|The Muppet Show|
|Created by||Jim Henson|
|Theme music composer|
|Opening theme||"The Muppet Show Theme"|
|Ending theme||"The Muppet Show Theme" (instrumental)|
|Country of origin|
|No. of seasons||5|
|No. of episodes||120|
|Production location(s)||ATV Elstree, Borehamwood, England, UK|
|Running time||22-26 minutes|
|Original release||5 September 1976 -|
23 May 1981
|Followed by||The Muppet Movie (1979)|
|Related shows||The Jim Henson Hour (1989) |
Muppets Tonight (1996-98)
The Muppets (2015-16)
The Muppet Show is a comedy television series created by Jim Henson and featuring The Muppets. The series originated as two pilot episodes produced by Henson for ABC in 1974 and 1975, respectively. While neither episode was moved forward as a series and other networks in the United States rejected Henson's proposals, British producer Lew Grade expressed interest in the project and agreed to co-produce The Muppet Show for ATV. Five seasons, totalling 120 episodes, were broadcast on ATV and other ITV franchises in the United Kingdom and in first-run syndication in the US from 1976 to 1981. The programme was filmed at Elstree Studios, England.

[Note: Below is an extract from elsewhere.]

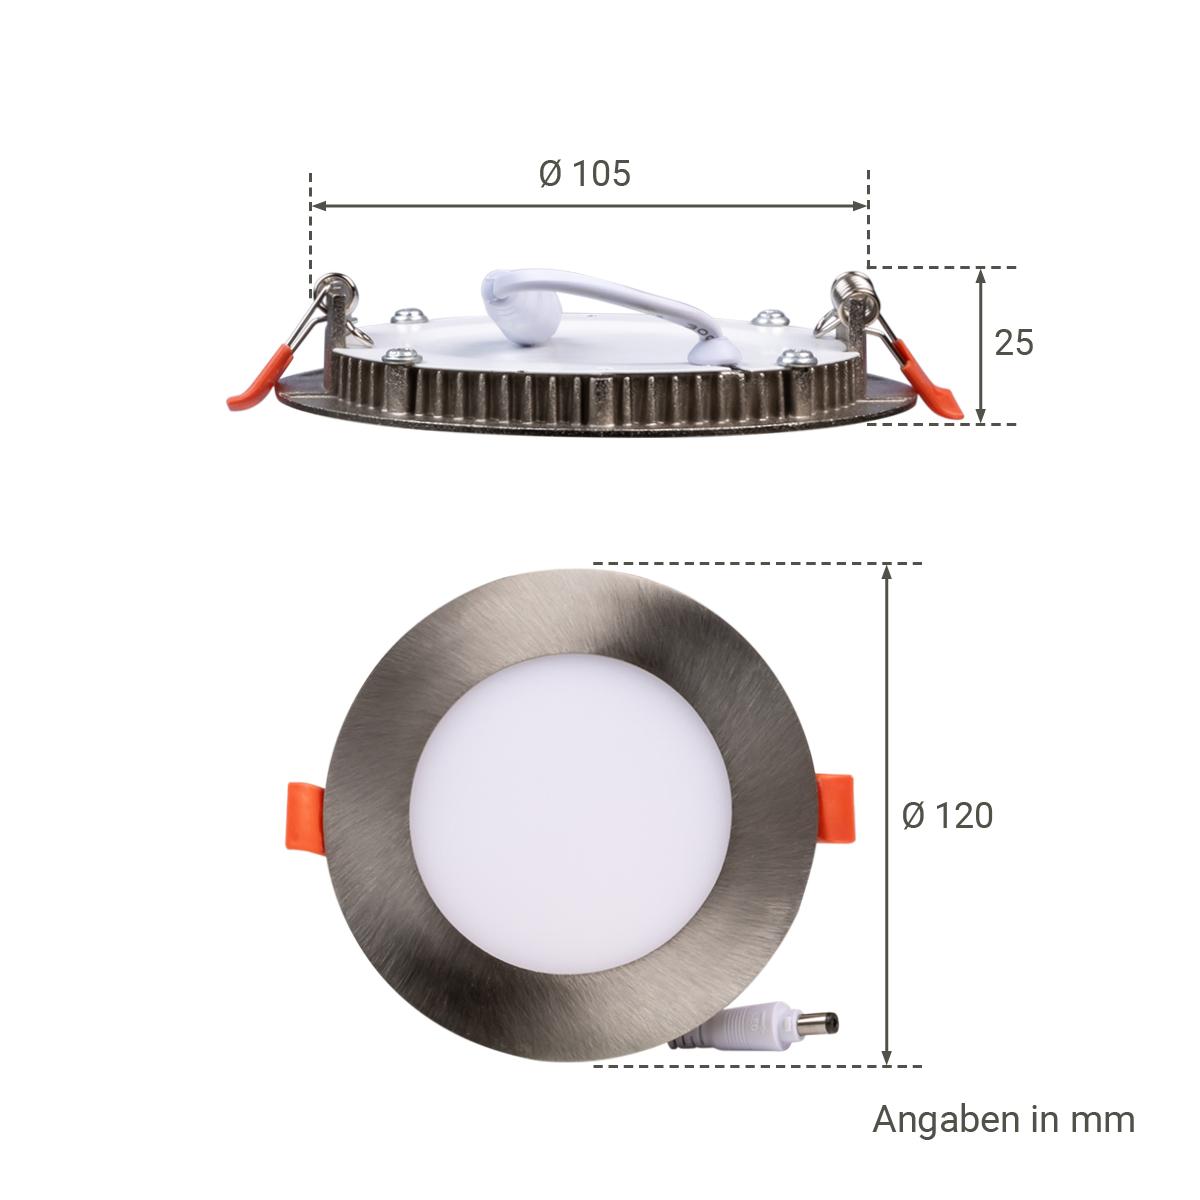 LED Panel Einbaustrahler rund silber - Lichtfarbe: Warmweiß 3000K dimmbar - Ausführung: 6W Ø120mm Ausschnitt Ø105mm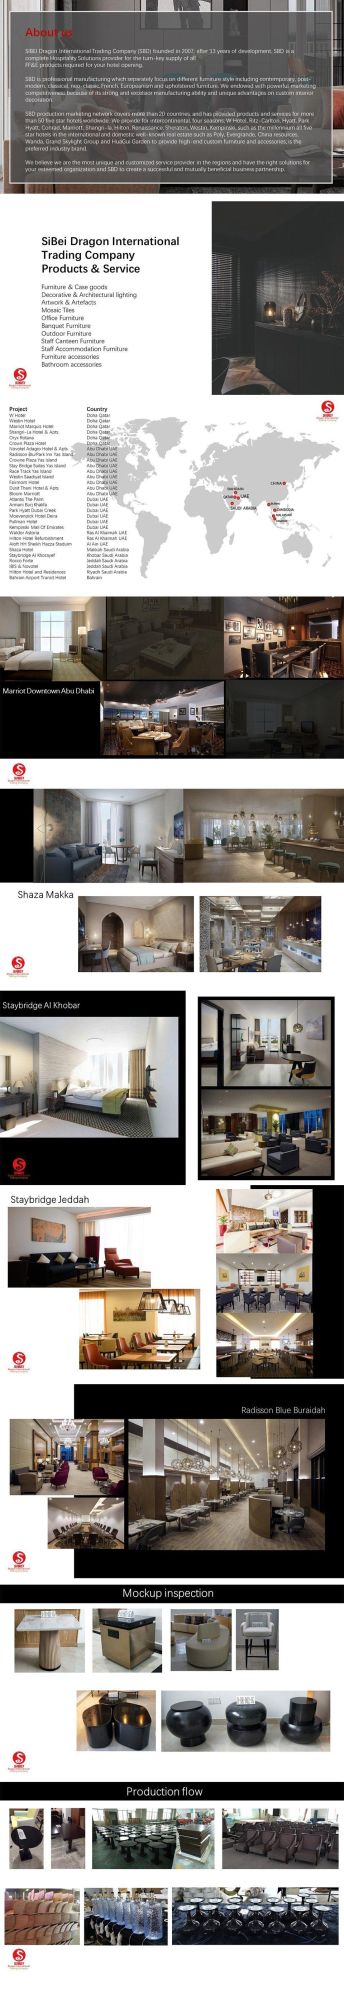 Five Star Hotel Room/ Lobby/ Custom/ Modern Lounge Chair

The Muppet Show is presented as a variety show, featuring recurring sketches and musical numbers interspersed with plotlines taking place behind the show. Within its context, Kermit the Frog acts as showrunner and host of the show, who tries to maintain control of the overwhelming antics of the other Muppet characters, as well as appease the rotating slate of guest stars.The Muppet Show is also known for its uniquely designed characters, burlesque nature, physical slapstick, sometimes absurdist humor, and parodies. As The Muppet Show became popular, many celebrities were eager to perform with the Muppets on television and in film.
The cast of performers over the course of the series consisted of Henson, Frank Oz, Jerry Nelson, Richard Hunt, Dave Goelz, Steve Whitmire, Fran Brill, Eren Ozker, Louise Gold, Kathryn Mullen, Karen Prell, Brian Muehl, Bob Payne, and John Lovelady. Many of the performers also worked on Sesame Street, whose characters made sporadic appearances on The Muppet Show. Jerry Juhl and Jack Burns were two of the head writers. The music was performed by Jack Parnell and his orchestra.
Since its debut in 1969, Sesame Street had given Jim Henson's Muppet characters exposure; however, Henson began to perceive that he was becoming typecast as a children's entertainer. Subsequently, he began conceiving a programme for a more adult demographic. Two television specials, The Muppets Valentine Show (1974) and The Muppet Show: Sex and Violence (1975), were produced for ABC and are considered pilots for The Muppet Show. Neither of the two specials was ordered to series. However, the prime-time access rule was recently enacted, shifting the 7:30 to 8 pm ET slot from the networks to their affiliates. CBS became interested in Henson's series proposals and expressed intent to broadcast it weekly on its owned and operated stations. According to the original pitch reel, George Schlatter was originally involved.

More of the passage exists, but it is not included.